Asistimos a un proceso, harto común en la historia de las religiones, en el que la clase sacerdotal o la ortodoxia se aferra a una serie de dogmas, los cuales llegan a alejarse de la experiencia misma de los individuos o del espíritu original que dio a luz a esa religión. Esto suele producirse en parte porque la ortodoxia de la religión en cuestión está estrechamente vinculada con el poder político y económico y se aleja de la propia experiencia mística, libre de categorías teológicas, que es la fuente primaria de esa religión.
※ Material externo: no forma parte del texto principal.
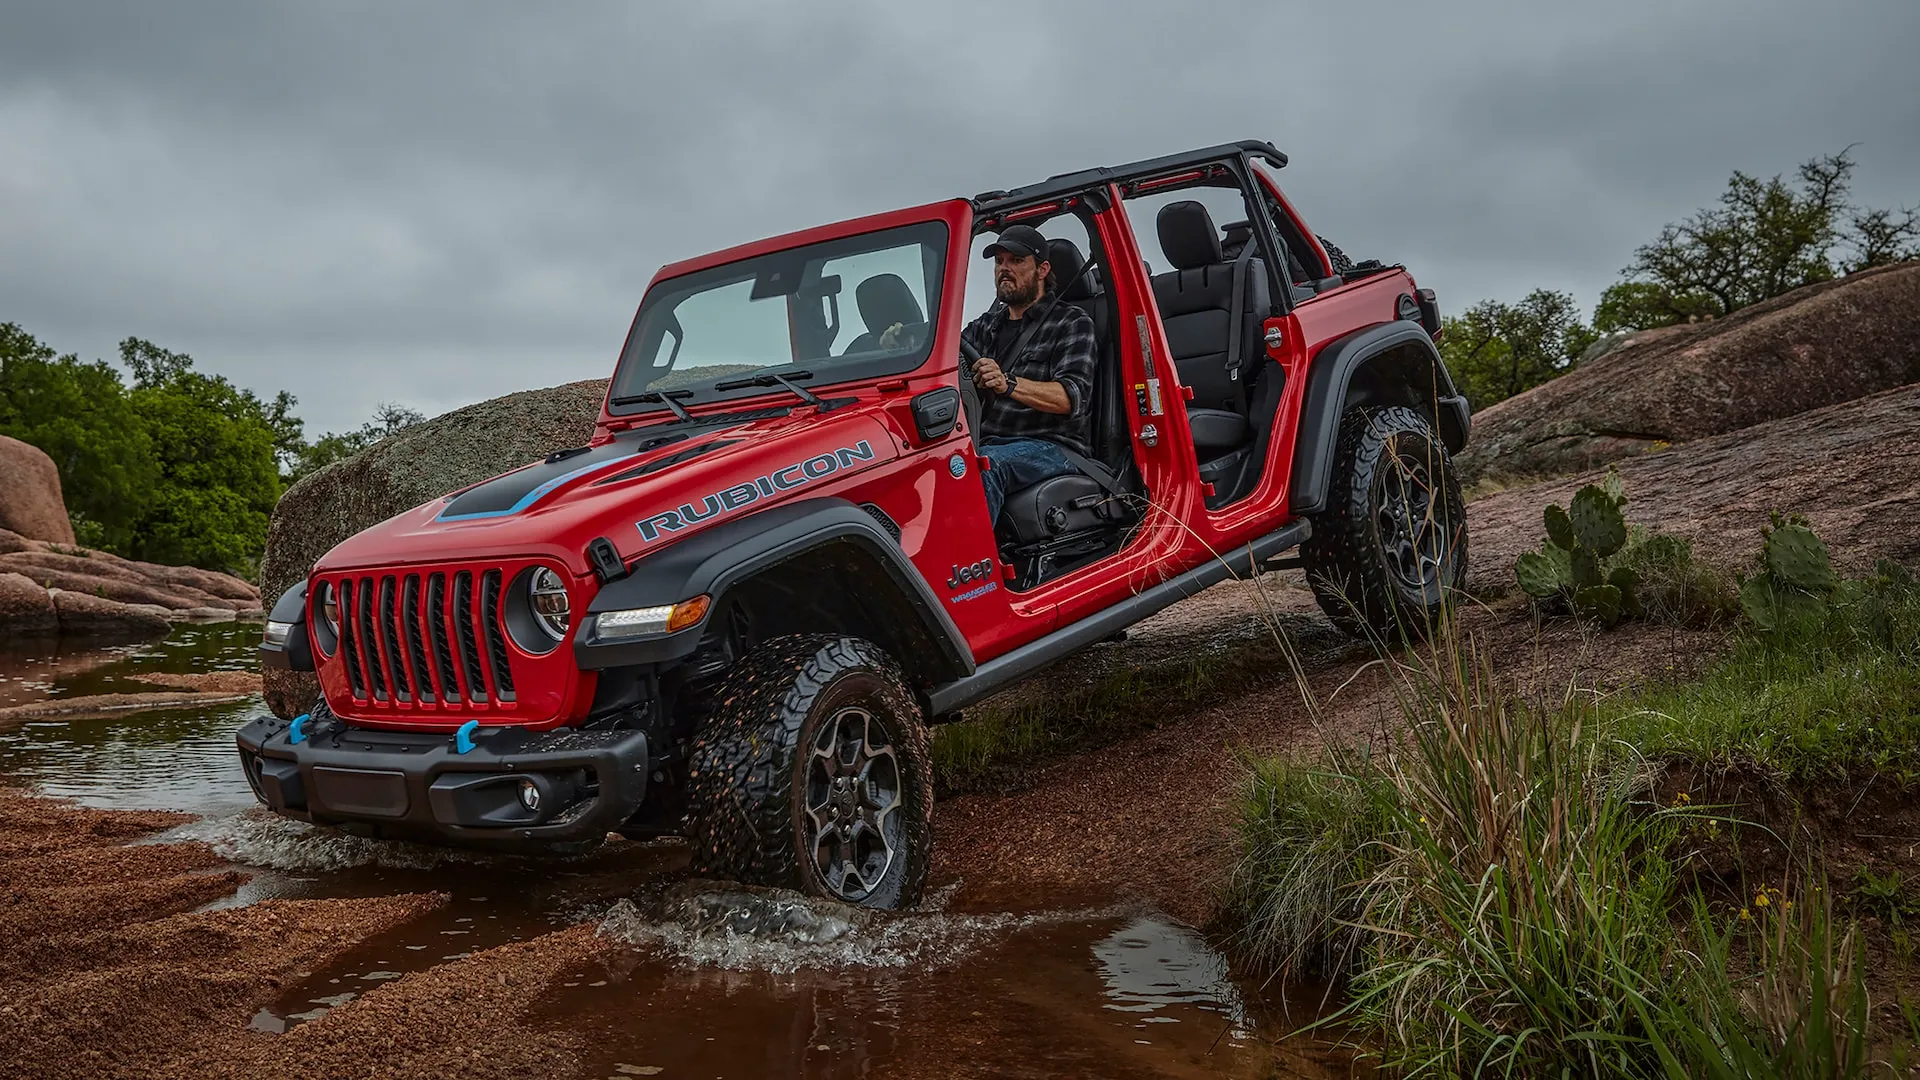 Jeep Wrangler Stays True to Its Roots New Hybrid Models Embrace Tradition While Looking to the Future---

El dogma se vuelve una infraestructura ideológica que permite la continuidad y la aparente estabilidad de la sociedad. ¿Acaso no ocurre esto con la ciencia materialista hoy en día?  Vemos que muchos de los grandes descubrimiento teóricos de la ciencia son descritos por sus autores con un lenguaje místico o casi místico, en el que se habla de experiencias intuitivas, del poder cuasidivino de la imaginación, de sueños o visiones de un orden universal o una belleza que trasciende una descripción meramente mecánica del mundo. Resulta un tanto irónico que uno de los momentos seminales en la historia de la ciencia haya sido causa por una intervención espiritual. En 1619, Descartes, según su propia confesión, fue visitado en un sueño por un genio, «el espíritu de la verdad», el cual lo inspiró, al mostrarle su propio camino, a «reformar la filosofía» (en palabras de Leibniz) y desarrollar el método racional que ha sido fundamental para el saber científico.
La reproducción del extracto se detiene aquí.